# 32bhds W/ 1997 Expedition Tv?



## ugotkern (Jan 22, 2007)

Hello all,

This is my first post. My wife and I spoke with several Outback dealers and have been informed that our 1997 Expedition 5.4l w/ Load Leveling Suspension can pull a 2007 Outback Sydney 32BHDS (weight 7695) w/ no issues as long as we use the equalizer hitch system w/ brake controller. From reading the forums it appears that no one pulls this size of trailer with this type of TV. Please offer some advise... I dont want to buy something I cant pull, I dont want to buy another TV and I really dont want to go w/ a smaller unit. I know I just might have eliminated all of my options but would like some expert advise. Thanks in advance...


----------



## johnp (Mar 15, 2004)

Hi and welcome. I would plan on the weight of that to be closer to the 9600 gross. What gears do you have in the Expedition and what is its towing capacity. It is a beast I have yet to tow mine to fiqure out what gear or tire size change I might need. Good Luck

John


----------



## Carey (Mar 6, 2012)

Welcome!
The trailer you are looking at would require a 3/4 ton. Get rid of the expedition, and get an excursion. The tongue weight of this trailer will leave the expedition squashed in the rear and max out your payload. Buy the time you include everything(gas,water,gear,and all) youll be around 8500-9000lbs for the trailer. That would be around a 1250 to 1350lb hitch weight. Maybe someone has the actual payload, tow ratings, and allowable gross combined weight of an expedition. That will tell you the tale.
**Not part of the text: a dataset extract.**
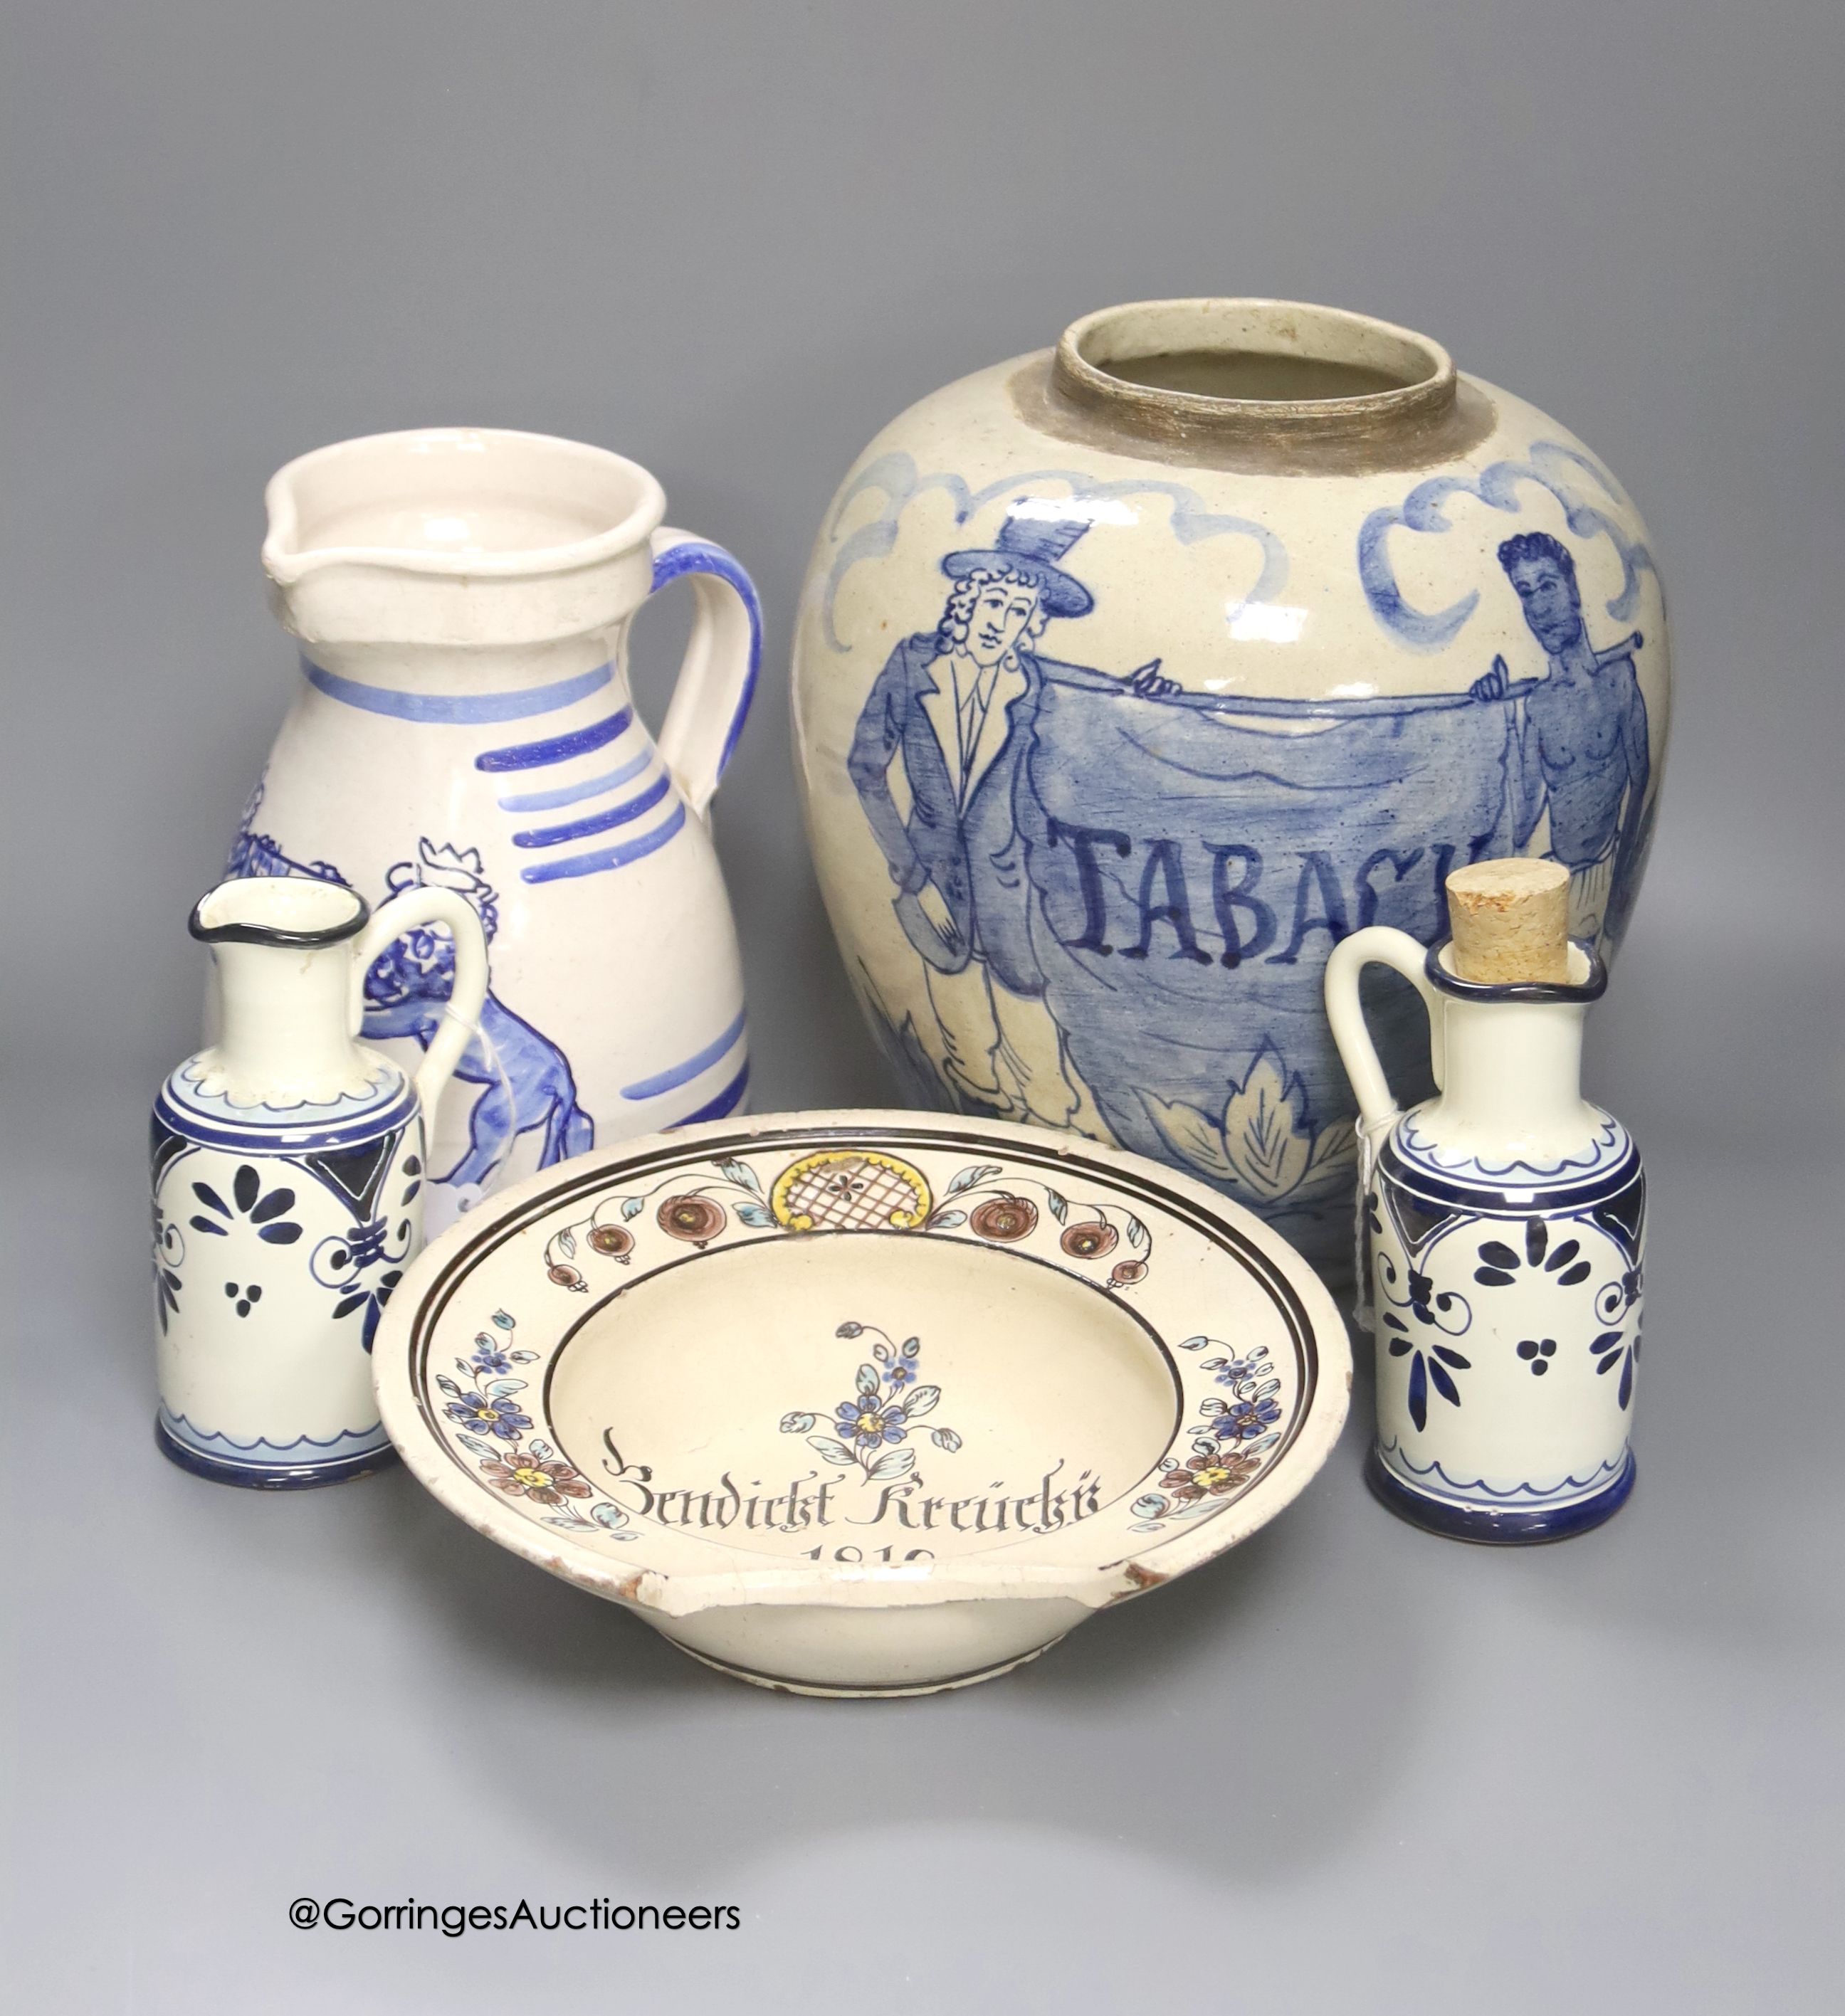 A tin-glazed terracotta barber's bowl dated 1819, a large ovoid eathenware ‘Taback’ jar and three

Dealers will tell you anything to sell a trailer. In this case, you are doing your homework. Many do not and end up in trouble. Dealers dont care, they are trying to sell trailers, they dont care what pulls it.

Good Luck!
Carey


----------



## huntr70 (Jul 8, 2005)

Welcome!!

I think the overall vehicle will be OK, but you will probably be wishing for more motor when you get that bad boy on some hills.

Steve


----------



## campmg (Dec 24, 2005)

Welcome to Outbackers. I'll let others post more technical responses but I don't think that set up will be a safe one. Dealers will say you can tow anything on the lot. That's not true. I towed a 25RSS with a 1/2 Yukon and although it did the job, I feel much more comfortable and safe with the 3/4 ton Yukon. I'm a believer in wheelbase and with your ~118 in the Expy you shouldn't tow anything larger than a 25 footer using a quality anti sway hitch. Also, look at the combined GCVWR of the TV and Trailer and you'll be very close if not over the limits. It's not what you want to hear but from personal experience you won't like it.


----------



## 3LEES (Feb 18, 2006)

Welcome igotkern to the best forum on the web!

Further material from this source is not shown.